TraC’s board was not deterred by being turned down in a recent application for provincial Regional Economic Development and Infrastructure Program funding. Forgacs explained how the group sought out a debrief from that funding agency after the refusal. He said they were “encouraged to re-apply” and to include “more details on the potential economic impacts [of] a multi-use path from Langdale to Sechelt."

“We need to do more work to quantify what that impact may be” he noted. To get that done, he said TraC will be drawing on relationships it has built with Coast local governments and others like the Chamber of Commerce.

Donations are another important source of funds. In Forgacs' view, the Connect the Coast project “touches on the environment, climate change and providing transportation equity, which we believe aligns with the goals of the Coast's most generous philanthropists." Those with the resources to make major financial donations, smaller scale financial donors or those who want to help out the project by volunteering are all encouraged to reach out via the project webpage.

On the project planning front

Ensuring Connect the Coast can be built in a way that is aligned with what Ministry of Transportation and Infrastructure wants to achieve in the development of active transportation infrastructure, TraC has provided that organization with the preliminary study on the project. The local group also met with the minister last fall, and are making sure planning is in step with “processes MOTI would follow so that nothing has to be redone when we start moving towards construction,” Forgacs noted.

And that detailed planning for work on the Coast will move forward this year. TraC received a $5,000 grant from the BC Cycling Coalition, which Forgacs said will be applied to an environmental overview for the Pratt to Hyland Road section, linking Gibsons and Roberts Creek, to meet requirements of the Skwxwu’7mesh Nation.

At least 20 years to completion

As for an estimate of the date the full ferry-to-ferry all-access trail could be a reality, Forgacs said he “could not even speculate." One comparable that he described was the recently completed active transportation project connecting Ucluelet and Tofino, which he said took about 20 years from “the beginning of advocacy to the completion of the path."

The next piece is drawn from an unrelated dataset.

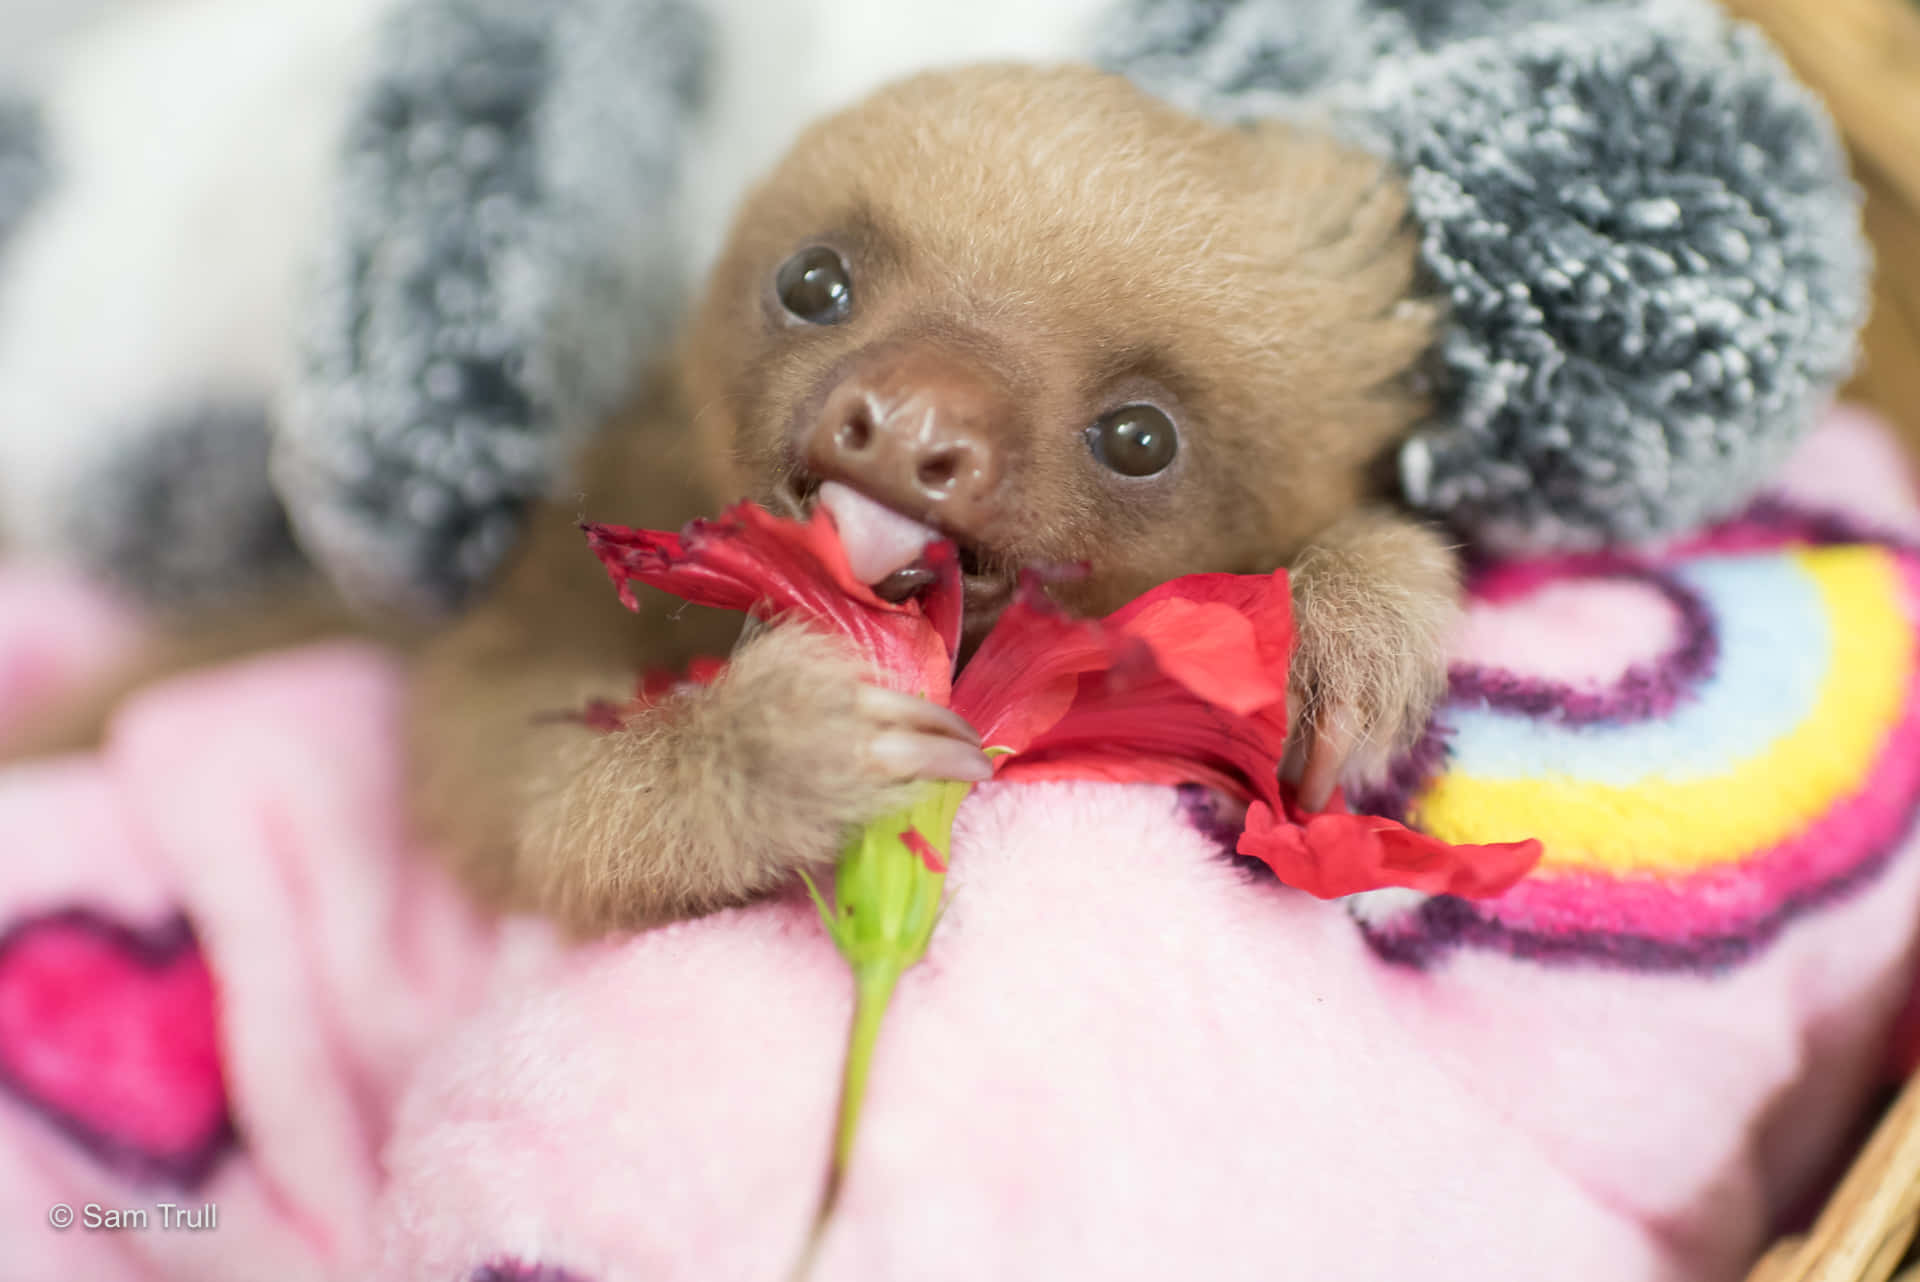 Cute Sloth Eating Flower Picture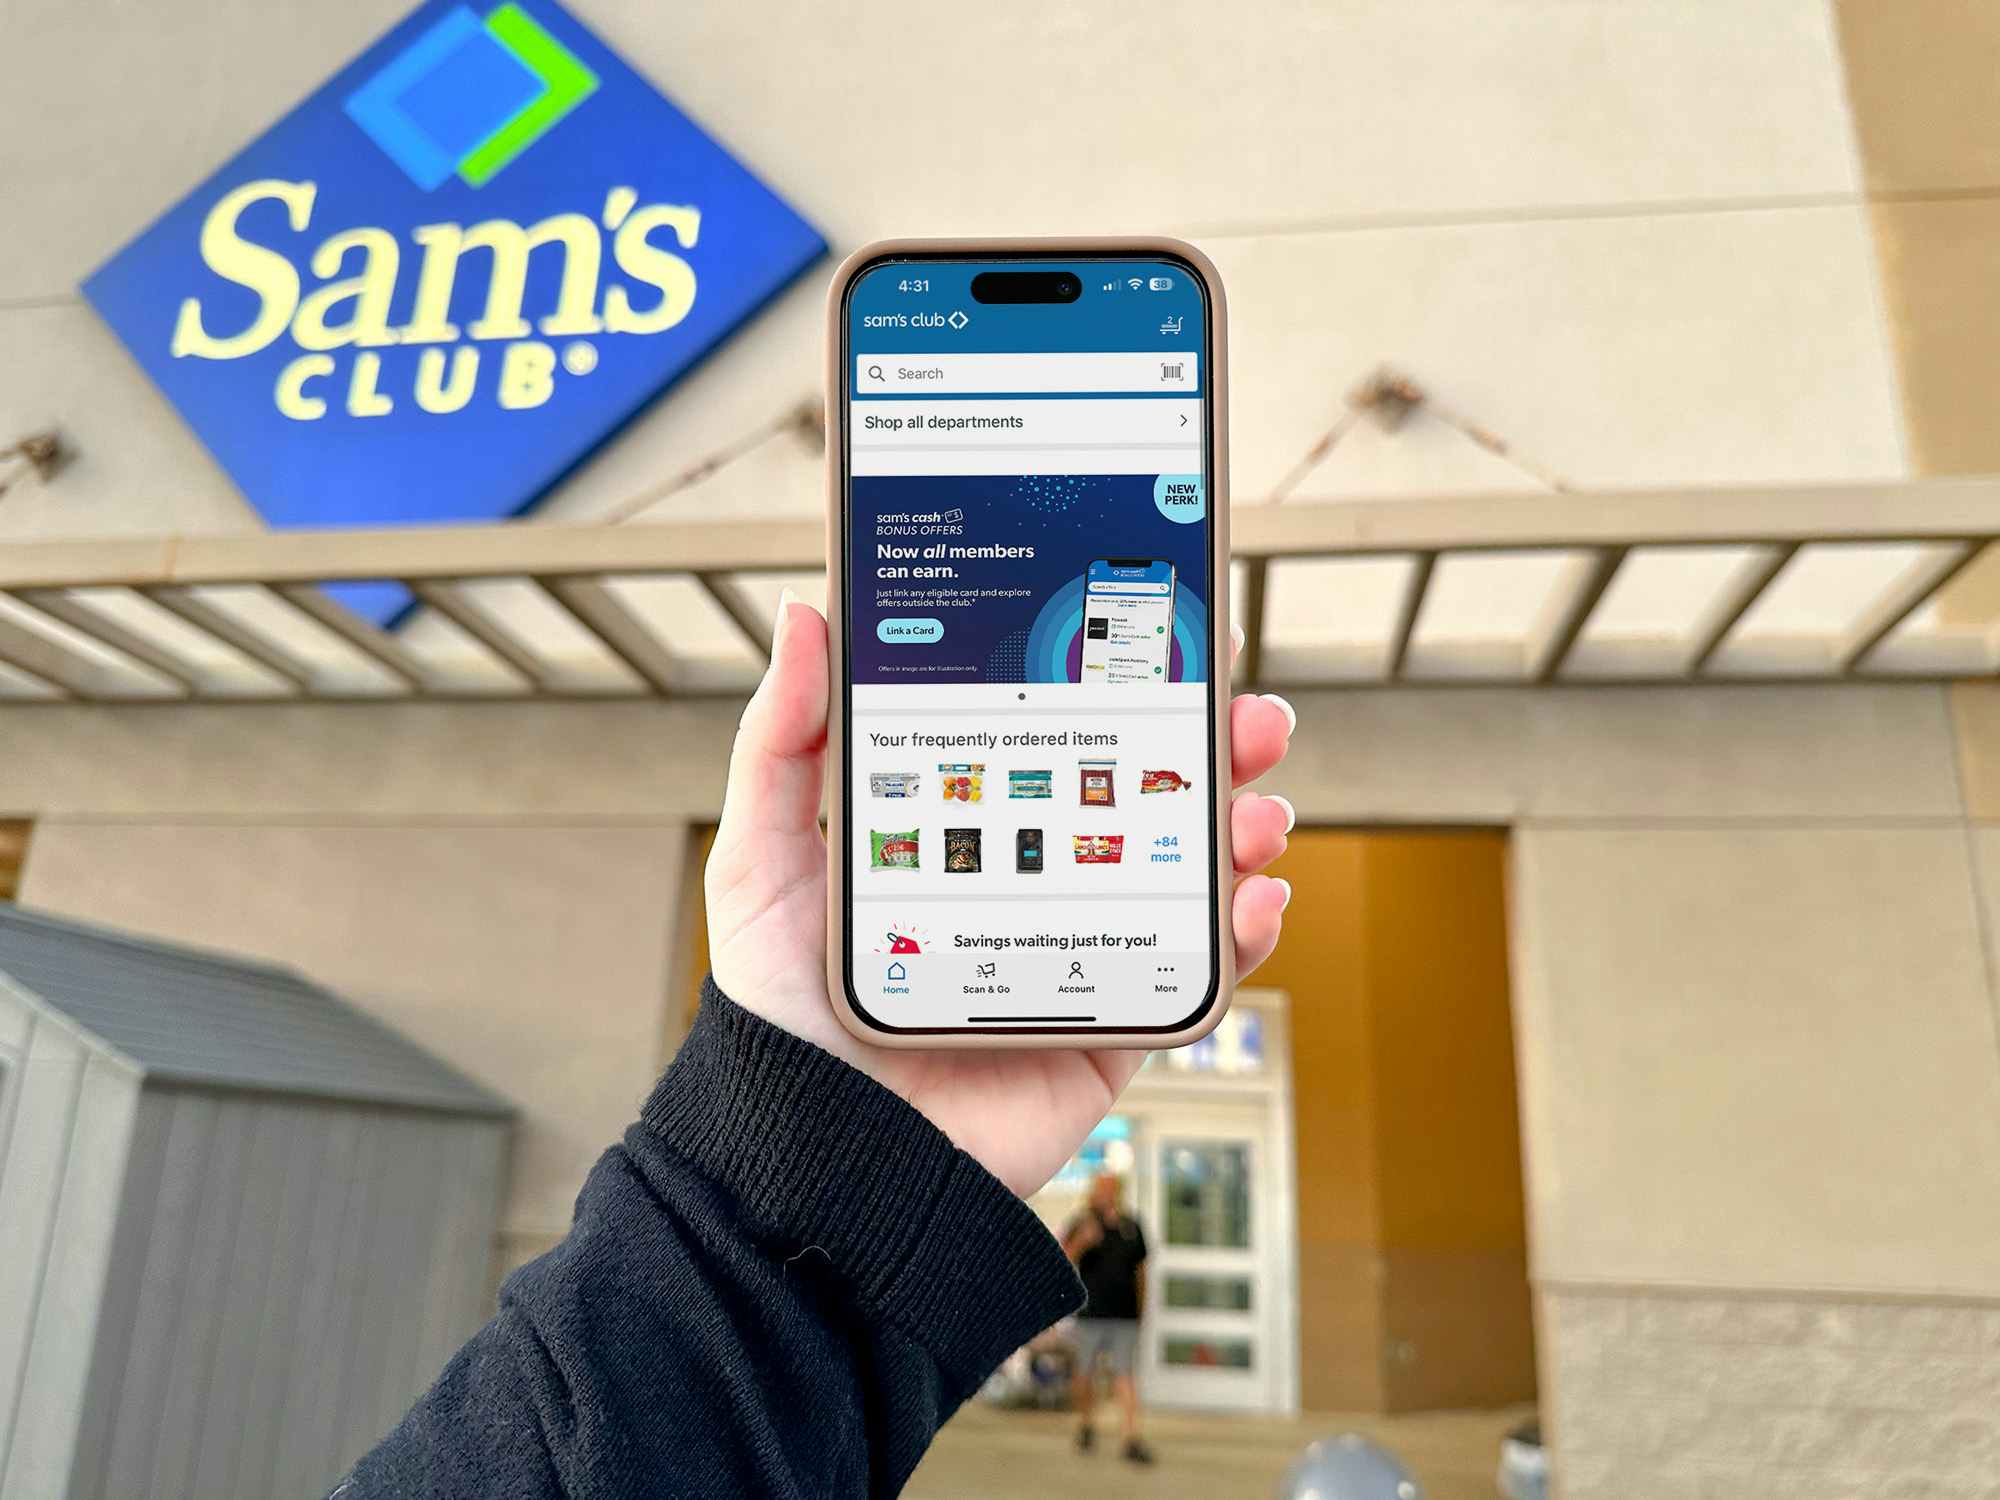 Someone holding up a phone displaying the Sam's Club app in front of Sam's Club

“In many ways, that structure was easier as that one was basically along a highway bordered by forest lands, whereas we go through residential areas, commercial centres and is fairly complex. We are focused on chipping away at this piece by piece, with whatever resources we can muster. It is such a big and complex project I can’t see it unfolding as one long structure that’s completed in sequence. I imagine Gibsons to Roberts Creek section happening first, then the Sechelt to Davis Bay section, those are our priority segments."

A focus on future users

TraC continues work on other projects that promote use of healthy and sustainable transportation as well. Some of those are focused on changing Coasters' beliefs around and dependence on single occupancy vehicles for travel. Establishing active transportation as a viable alternative, requires not only the infrastructure like all access paths, but a shift in attitudes, according to Forgacs, who said that is sometimes simpler to do with younger generations.

He noted the organization was an advocate for the recent introduction of free transit for all youth. Through a second BC Cycling Coalition grant, he said the group is working with Vancouver Coastal Health and School District 46 on active transport routes into Cedar Grove and Langdale elementary schools with a goal of ensuring “kids and their families have to option to walk or cycle to school safely."